Because MLPs are classified as partnerships, they avoid corporate income tax at both a state and federal levels. Additionally, limited partners may also record a pro-rated share of the MLP’s depreciation on their own tax forms to reduce liability. This is the primary benefit of MLPs and gives MLPs relatively cheap funding.

The tax implications of MLPs for individual investors are complex. While distributions from MLPs are taxed at the marginal rate of the limited partner, there may be no tax advantage to claiming the pro-rated share of the MLP’s depreciation when the investments is held in a tax deferred account.[citation needed] To encourage tax-deferred investors, many MLPs set up corporation holding companies of limited partner claims which can issue common equity.

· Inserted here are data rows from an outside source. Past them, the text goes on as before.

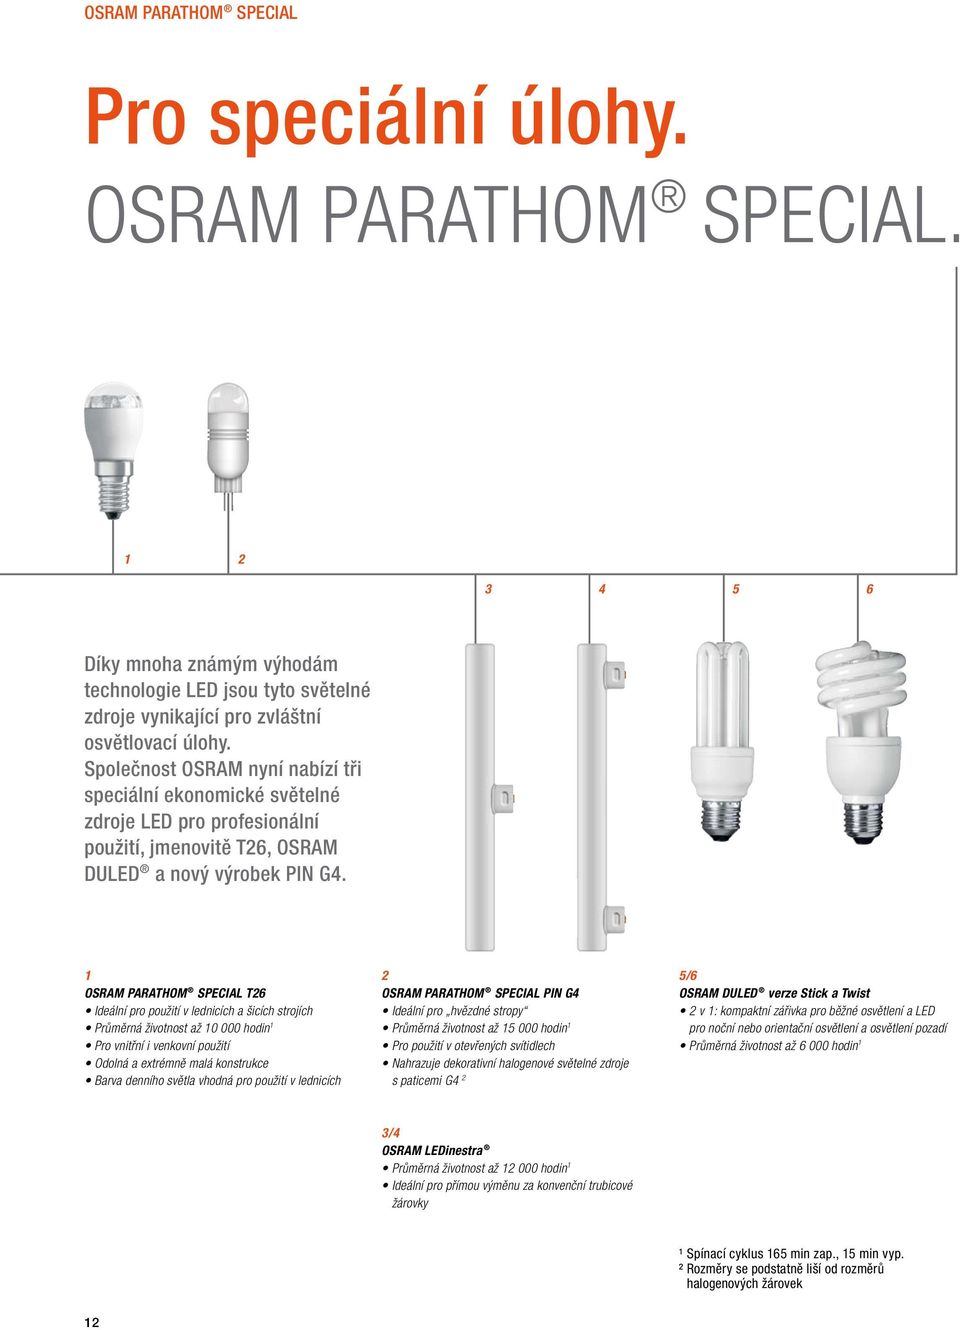 1 OSRAM PARATHOM SPECIAL T26 Ideální pro použití v lednicích a šicích strojích Průměrná životnost až 10 000 hodin 1 Pro vnitřní i venkovní použití Odolná a extrémně malá konstrukce Barva denního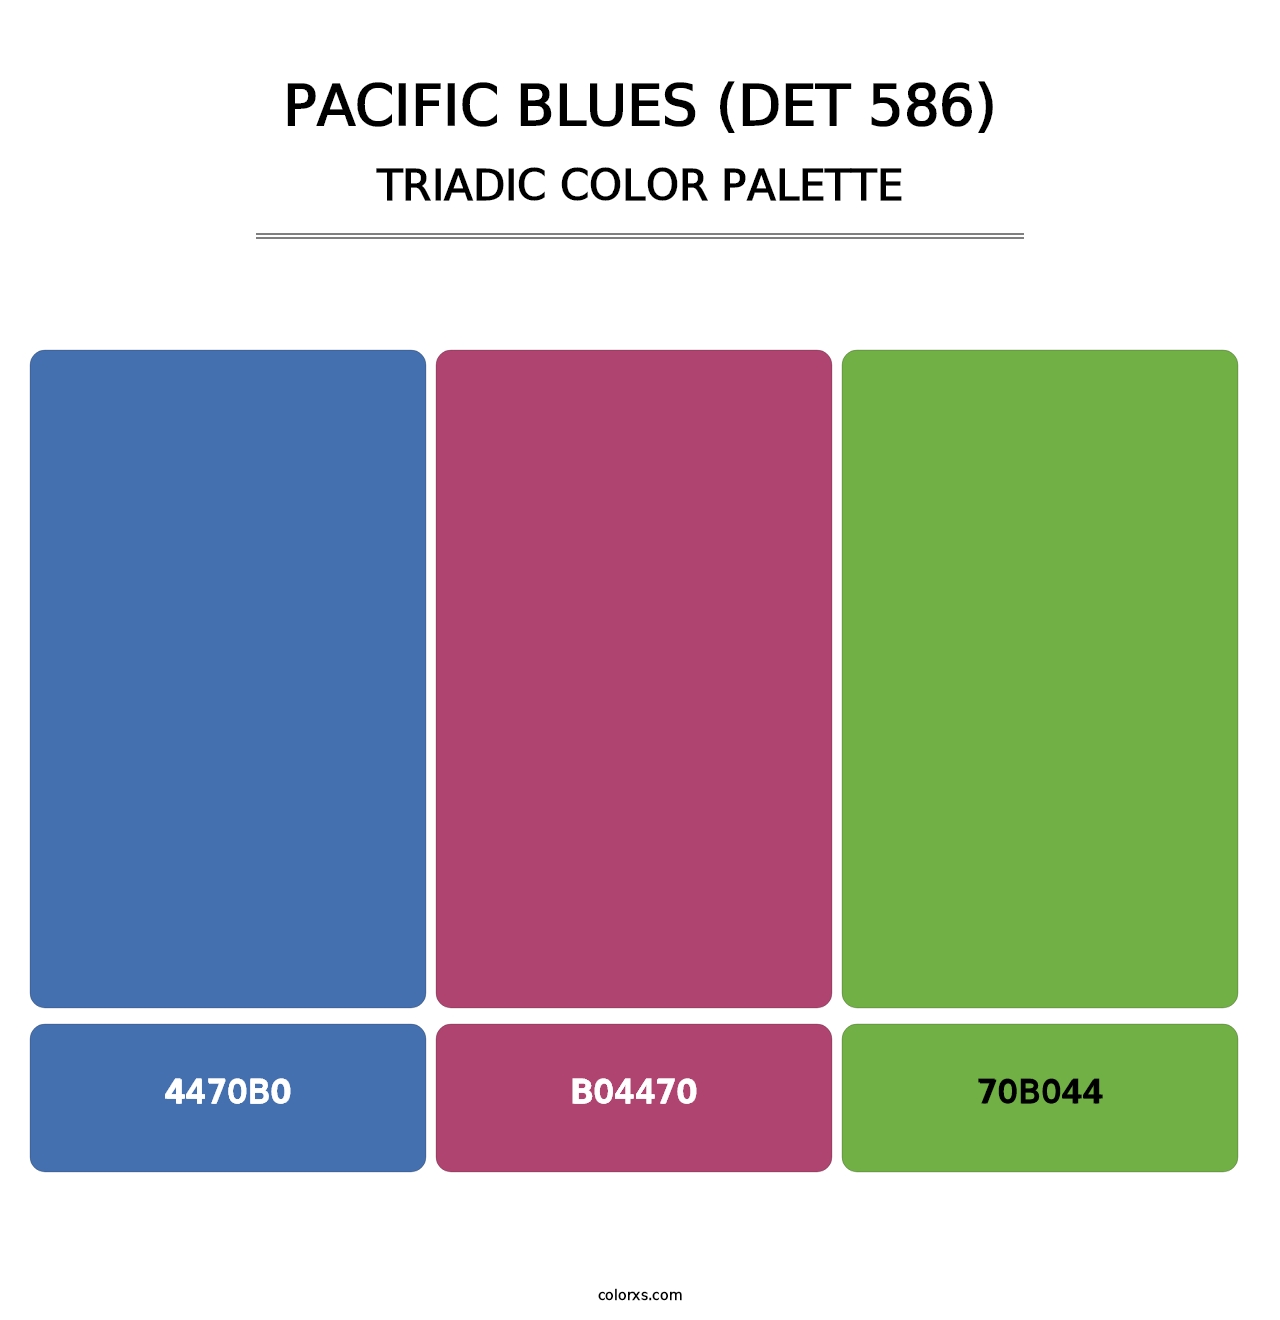 Pacific Blues (DET 586) - Triadic Color Palette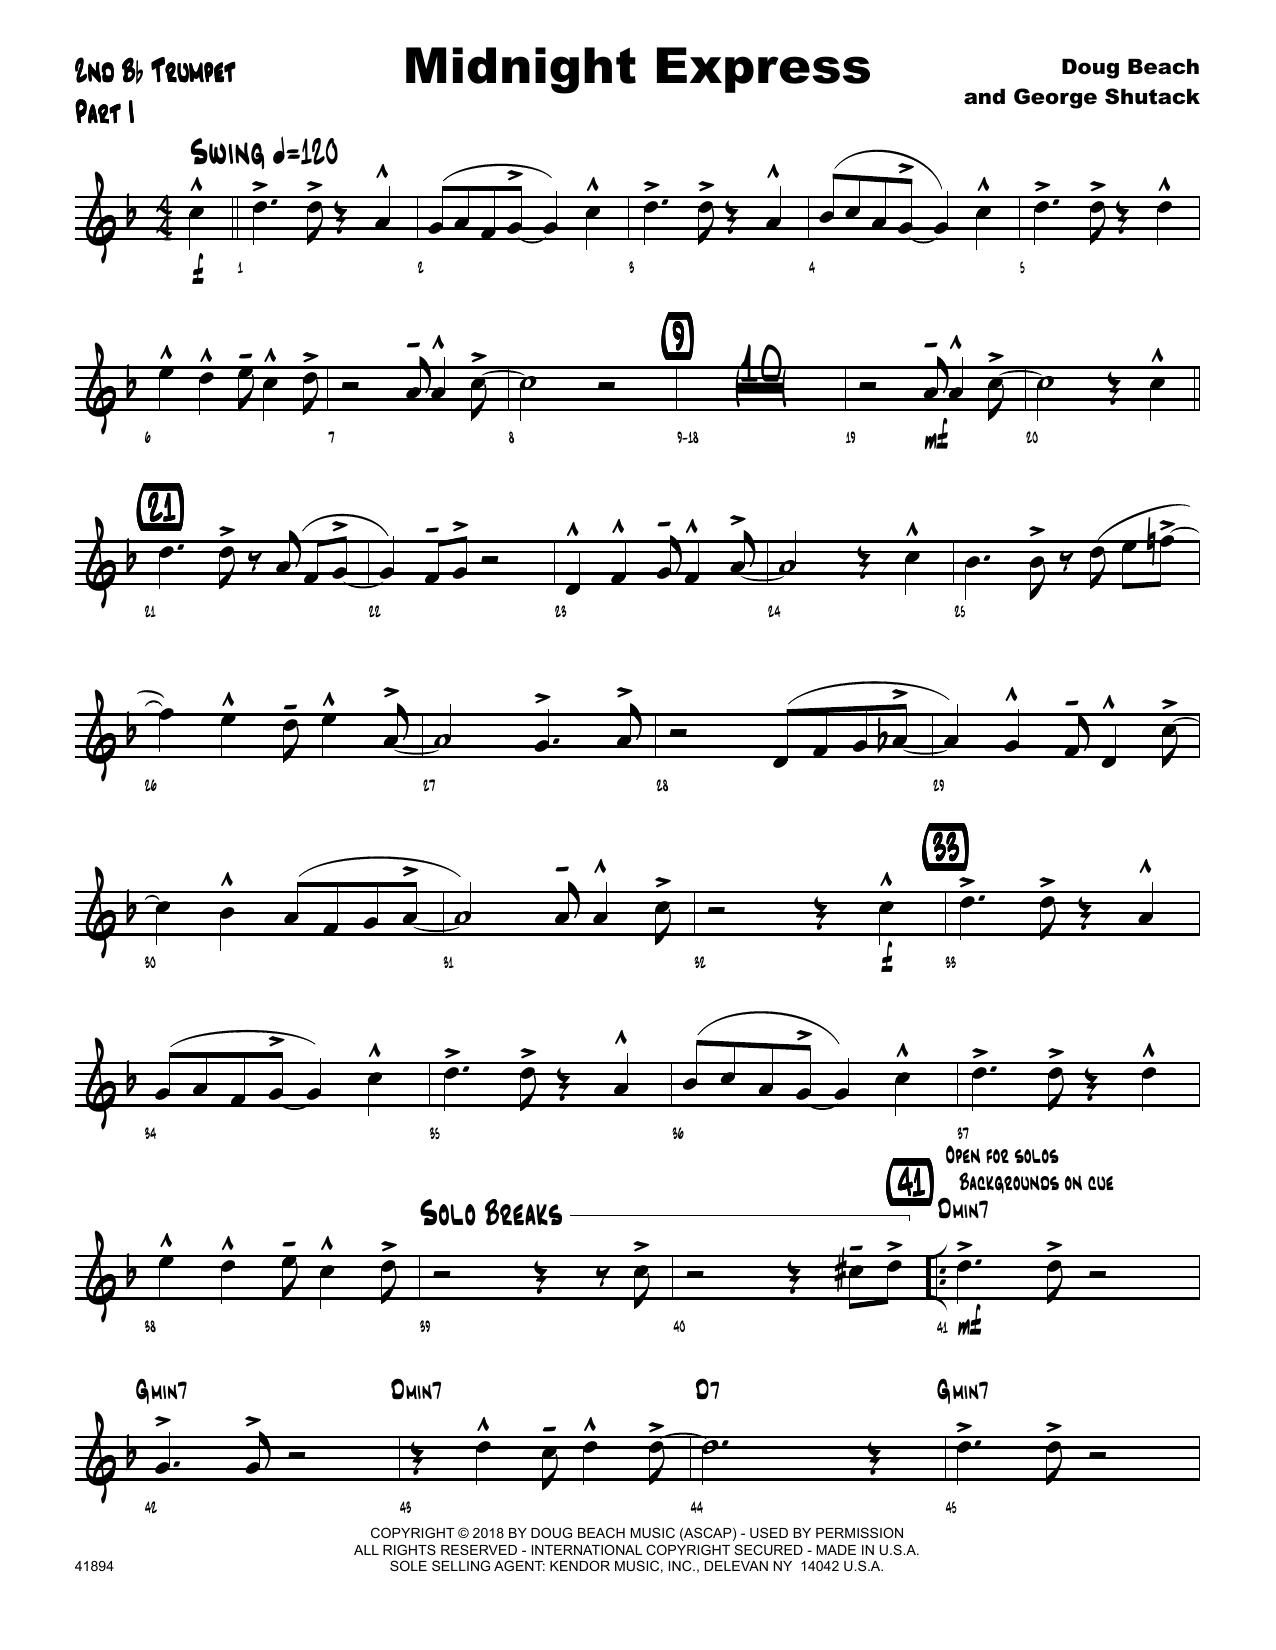 Download Doug Beach & George Shutack Midnight Express - 2nd Bb Trumpet Sheet Music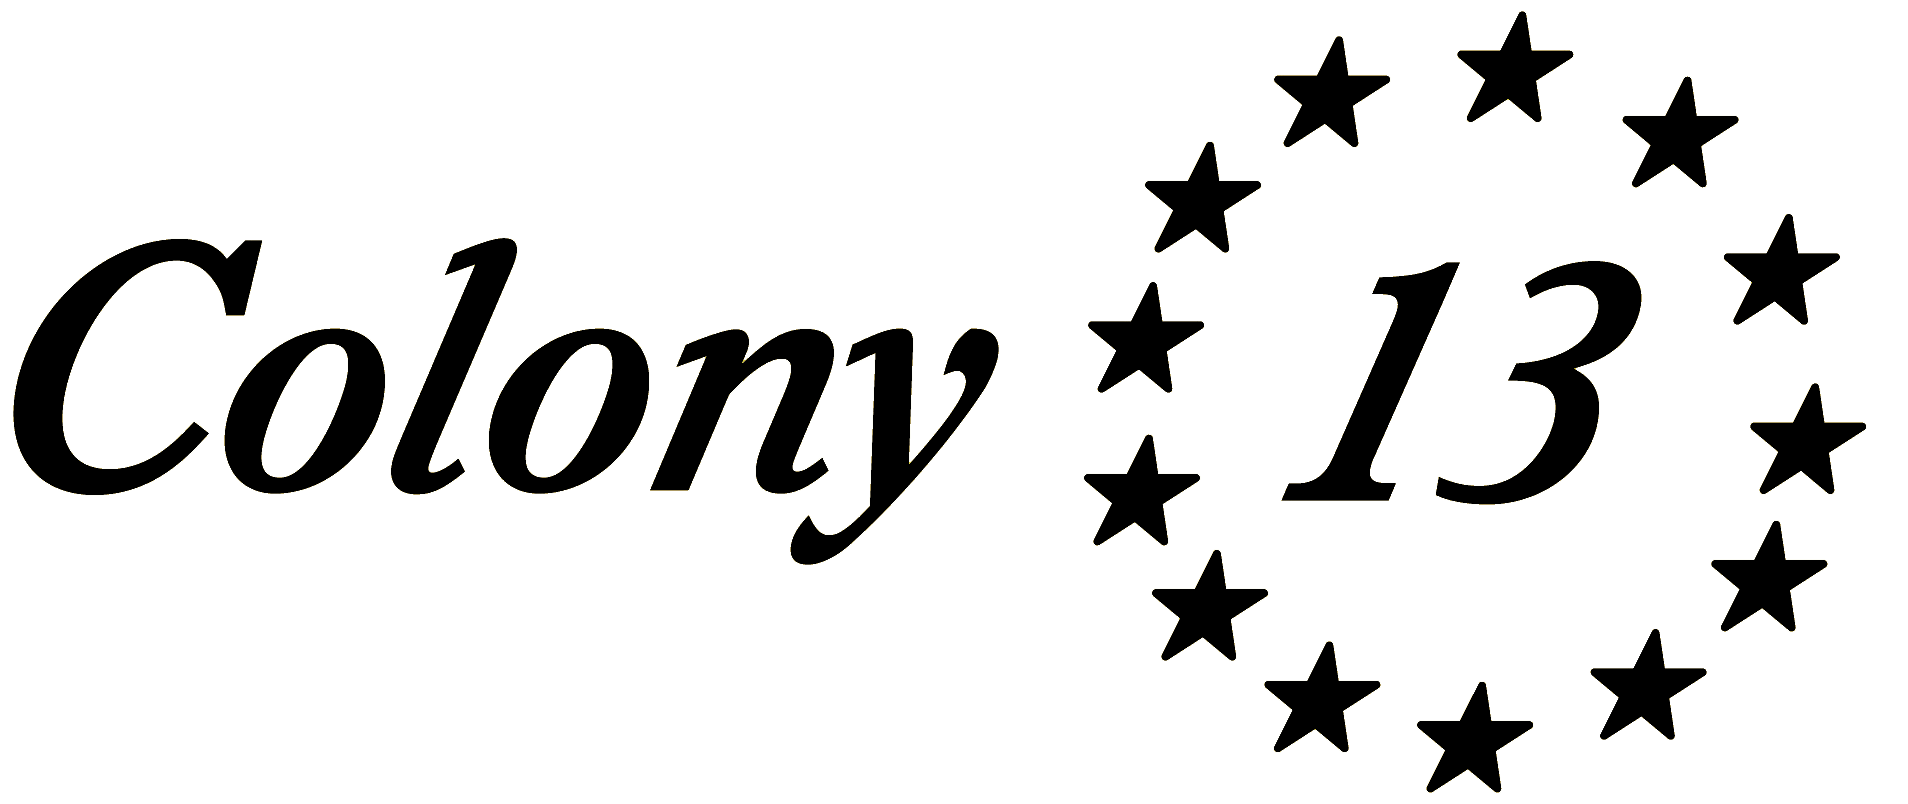 Colony 13 logo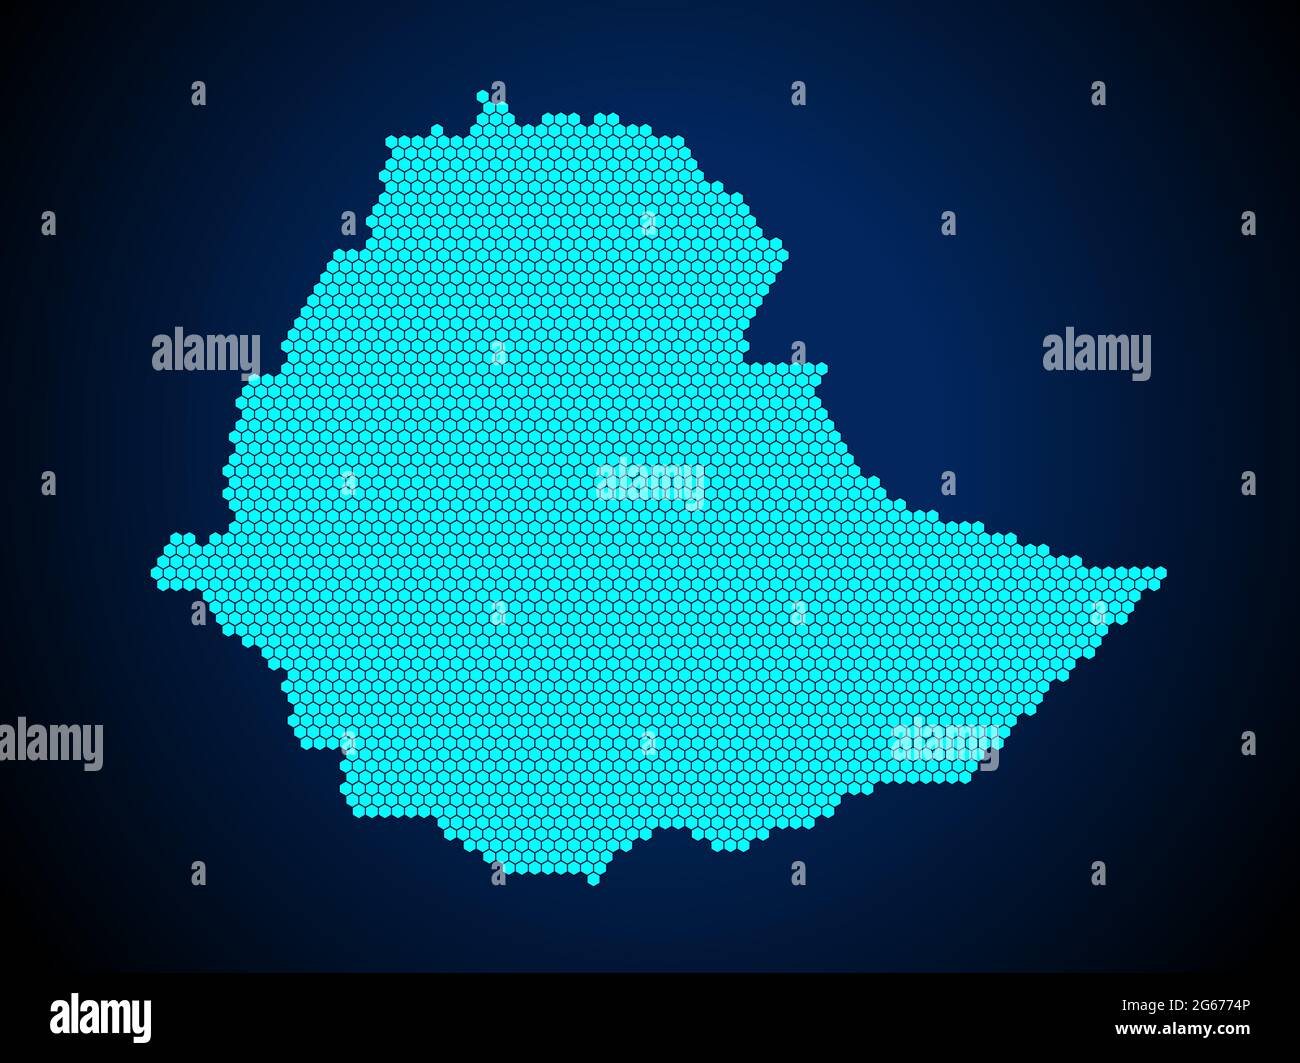 Pettine di miele o mappa Hexagon textured del paese di Etiopia isolato su sfondo blu scuro - illustrazione vettoriale Illustrazione Vettoriale

A general partner in an MLP often begins with a small stake of about 2% in the partnership, but is given incentive distributions from net income after the quarterly required distributions. Since these distributions are usually paid in the form of increased equity claims the general partner may attain an increased share of the partnership’s ownership.

In May 2010, the first ever MLP mutual fund was launched, with a stated goal of providing “a high level of inflation-protected income currently through a 7.8 percent distribution yield, which is higher than equity alternatives such as REITs and Utilities.” The fund is a part of the SteelPath Mutual Fund Family (now OppenheimerFunds).

MLP exchange traded fund (ETF) was similarly designed as a mutual fund in that it avails a new level of diversification to investors and, provides a single Form 1099 and allows investors to potentially benefit from return of capital and qualified dividend tax treatment of distributions.